A petition for certiorari was also filed with the Supreme Court in June 2019 in Richard Chamberlain and Martha Crum v. New York State, a second case involving the same issue.

“There are two separate petitions, but the brief submitted by New York treats them similarly,” explained Michael Lurie, an associate at law firm Reed Smith who co-authored an amicus curiae brief on behalf of the Business Council of New York.

“The court might take one of the cases and hold the other, rather than having to consolidate two cases,” he said. “That way they can deal with just one set of facts, and not have to worry about any minor factual differences where the legal issues are identical. If they decide to affirm the lower court, they would dismiss the other case. Then, if they were to reverse the decision below, they could take the second case and remand it back to the New York court.”

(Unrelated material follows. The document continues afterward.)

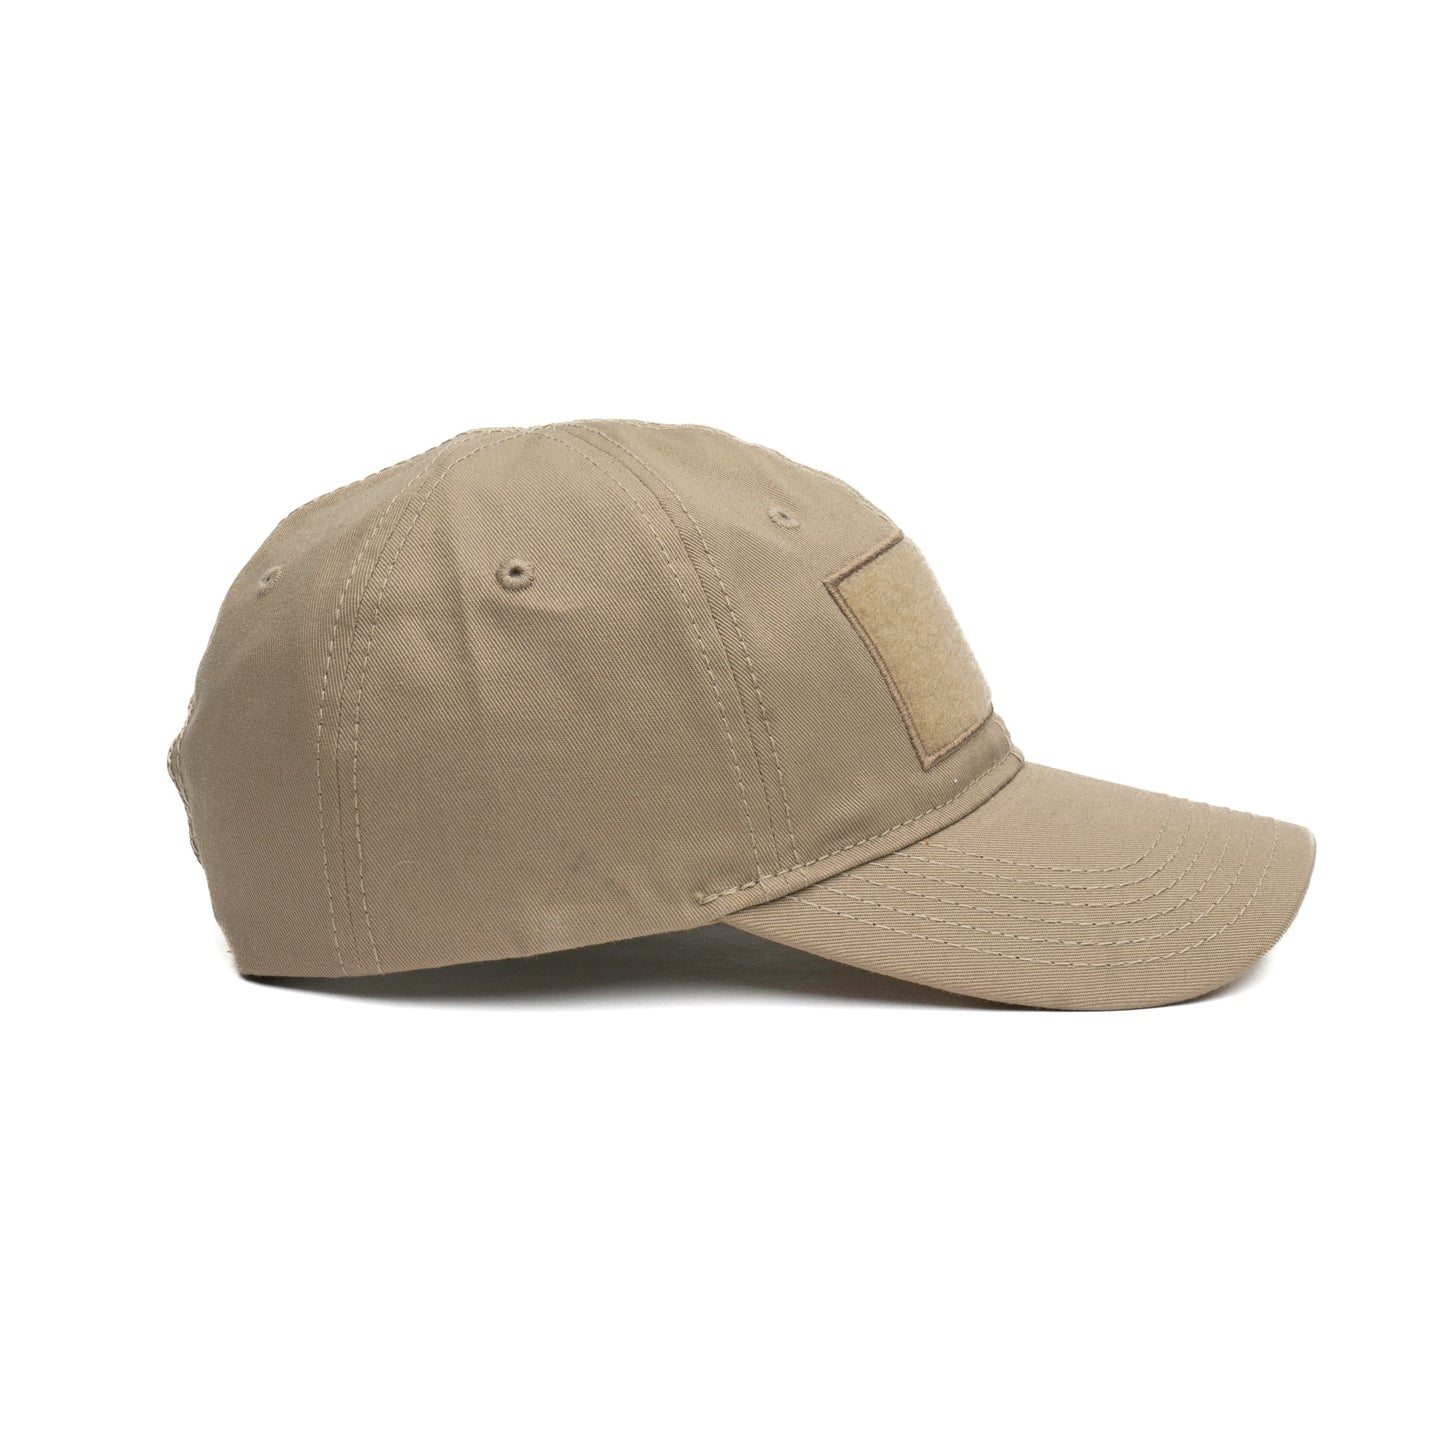 Grunt Style Operator Hat in Tan for Men | Grunt Style

“The issue is internal consistency,” said Lurie. “The test is whether, if every state adopted the same tax, would the same taxpayer who engages in an activity in multiple states pay more tax than a taxpayer doing the same activity in a single state. If it fails this test, then it discriminates against interstate commerce.”

Justices of the U.S. Supreme Court pose during their formal group photograph in the East Conference Room of the Supreme Court in Washington, D.C., U.S. Seated from left: Associate Justice Stephen Breyer, Associate Justice Clarence Thomas, Chief Justice John Roberts, Associate Justice Ruth Bader Ginsburg and Associate Justice Samuel Alito Jr. Standing behind from left: Associate Justice Neil Gorsuch, Associate Justice Sonia Sotomayor, Associate Justice Elena Kagan and Associate Justice Brett Kavanaugh.

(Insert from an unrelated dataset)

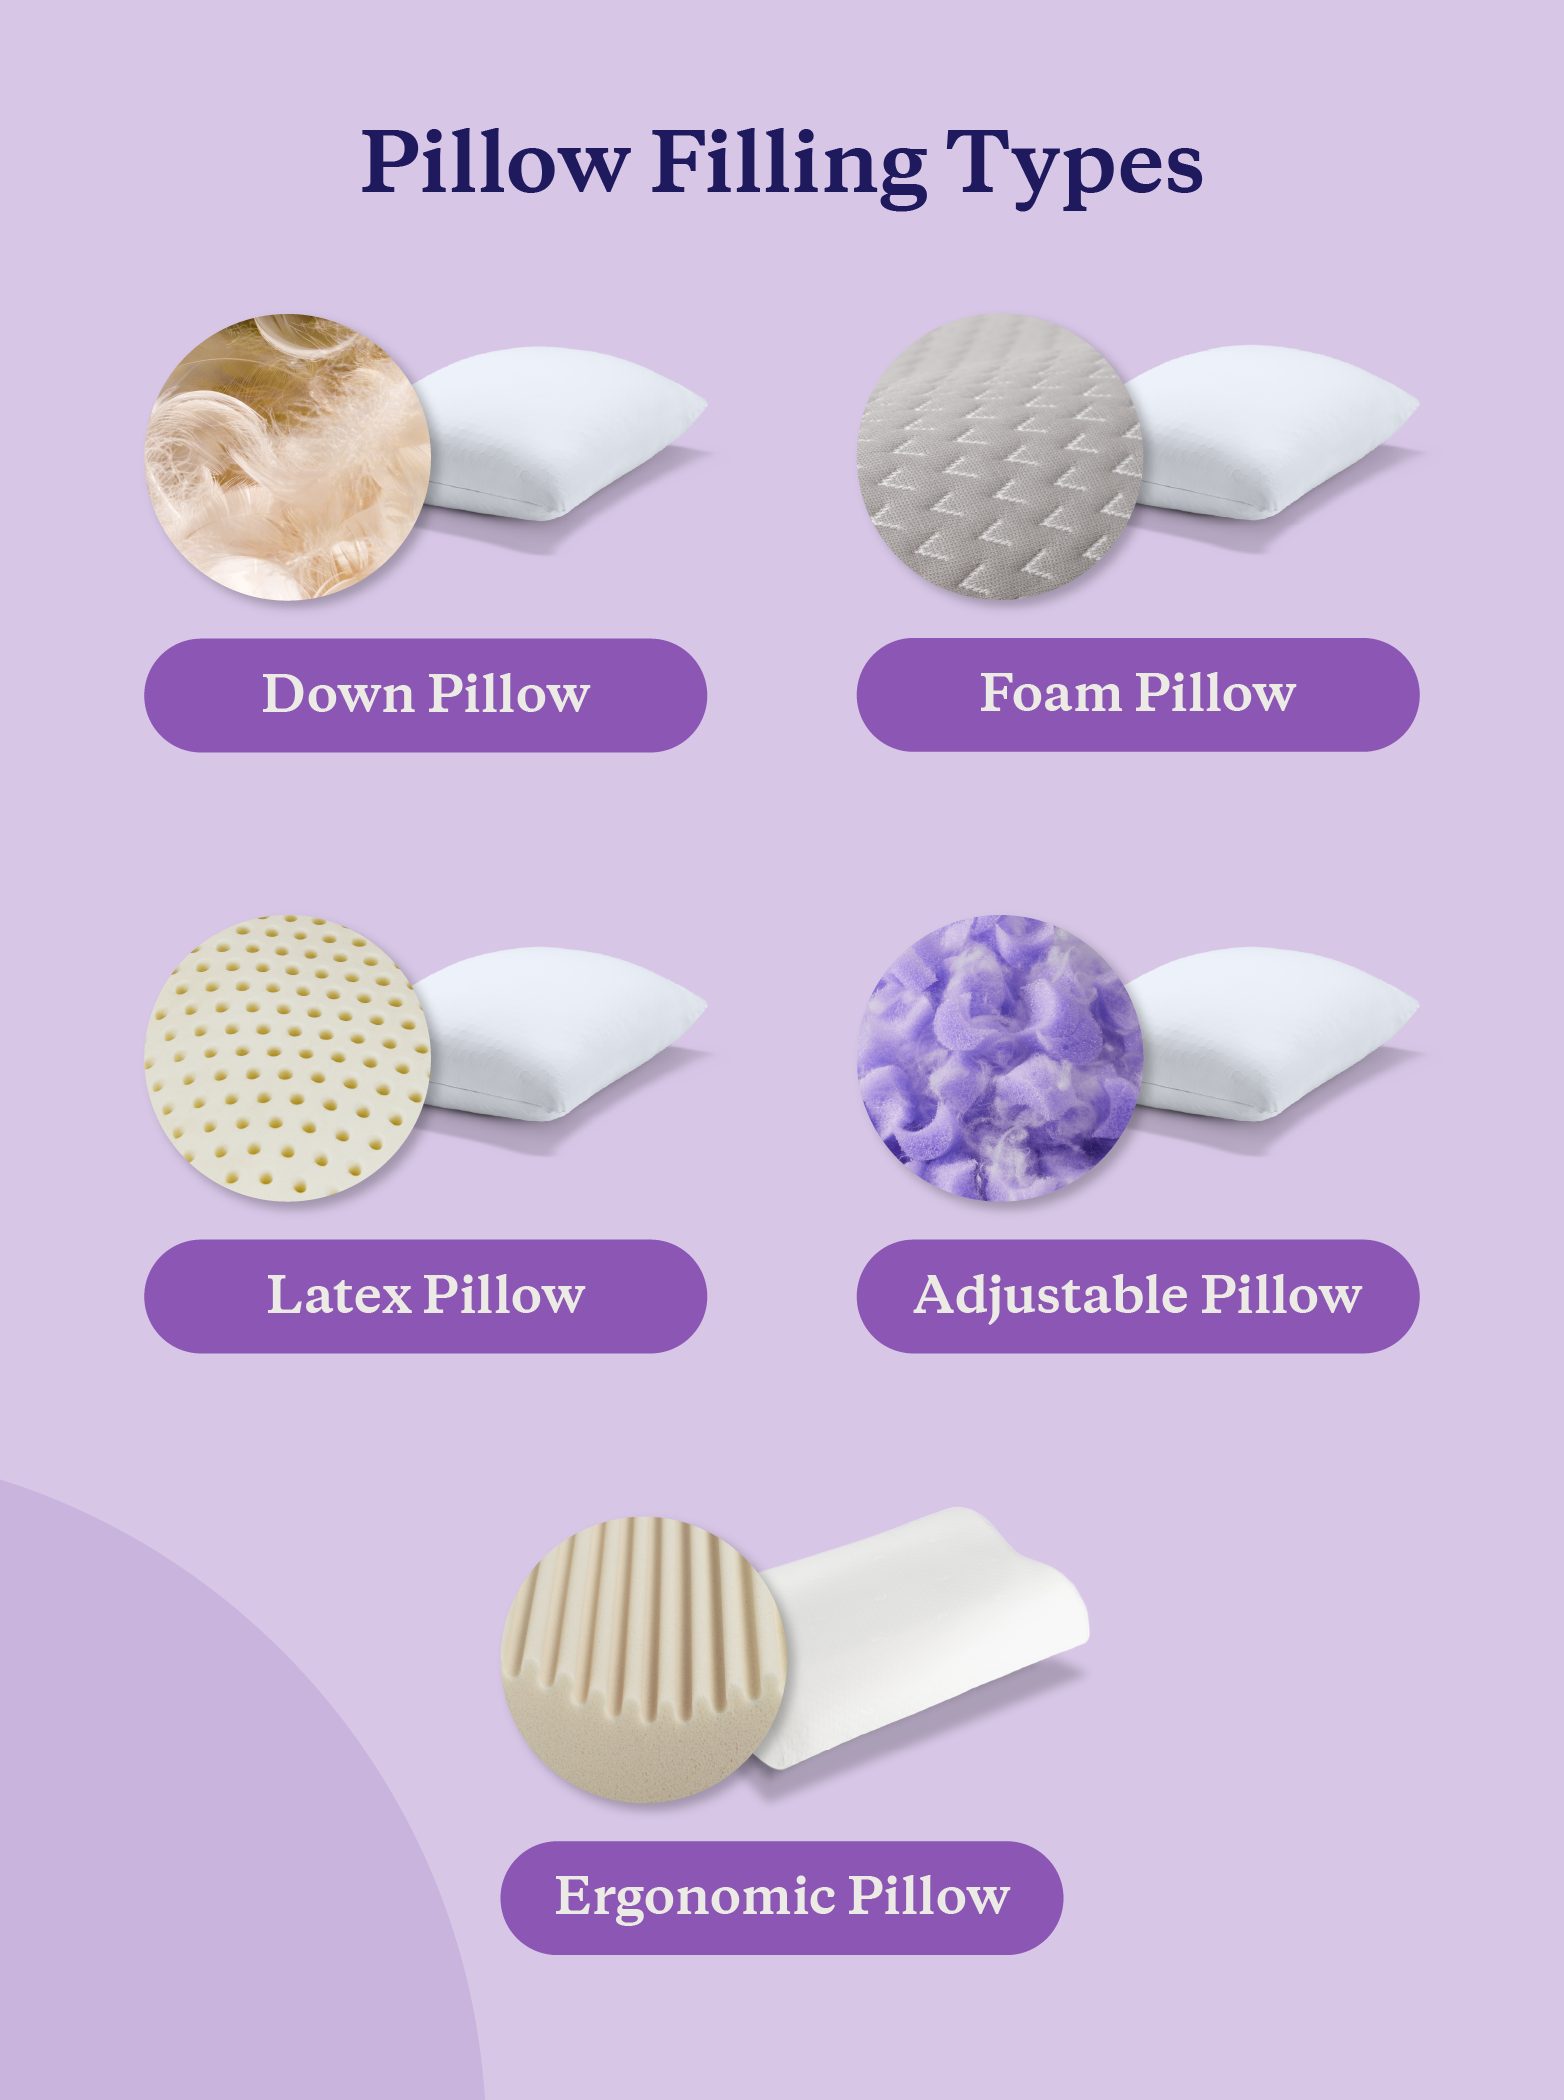 Graphic defining the different types of pillows and what they are filled with.

New York’s statutory residency provision fails the internal consistency test, Lurie said. Under a 2015 Supreme Court decision in Comptroller of the Treasury of Maryland v. Wynne, a tax on individual income that fails the internal consistency test violates the Commerce Clause.

New York courts held that the provision does not violate the Commerce Clause, because it does not affect interstate commerce. In its brief, New York argued that its tax scheme did not conflict with Wynne and "passes the internal consistency test.”

In its brief, New York cited 10 other states that have both materially identical definitions of statutory residents and similar limitations on credits for intangible income, thus creating opportunities for other states to rule on the issue and potentially delaying any response by the Supreme Court. The reply brief for the petitioners counters this by noting that “even if further percolation were likely, it would be of limited value here. Petitioners seek this court’s review on the basis of a conflict not among decisions of the lower courts,but rather with a decision of the court itself.”

The New York decision sought to be reversed is part of a trend of state courts avoiding the Supreme Court’s Commerce Clause precedent by labeling an interstate activity as “intrastate,” according to Lurie. “This case provides a suitable vehicle to stop this trend,” he said.

Although the end result is unfair on its face, that doesn’t guarantee the court will agree to hear the cases.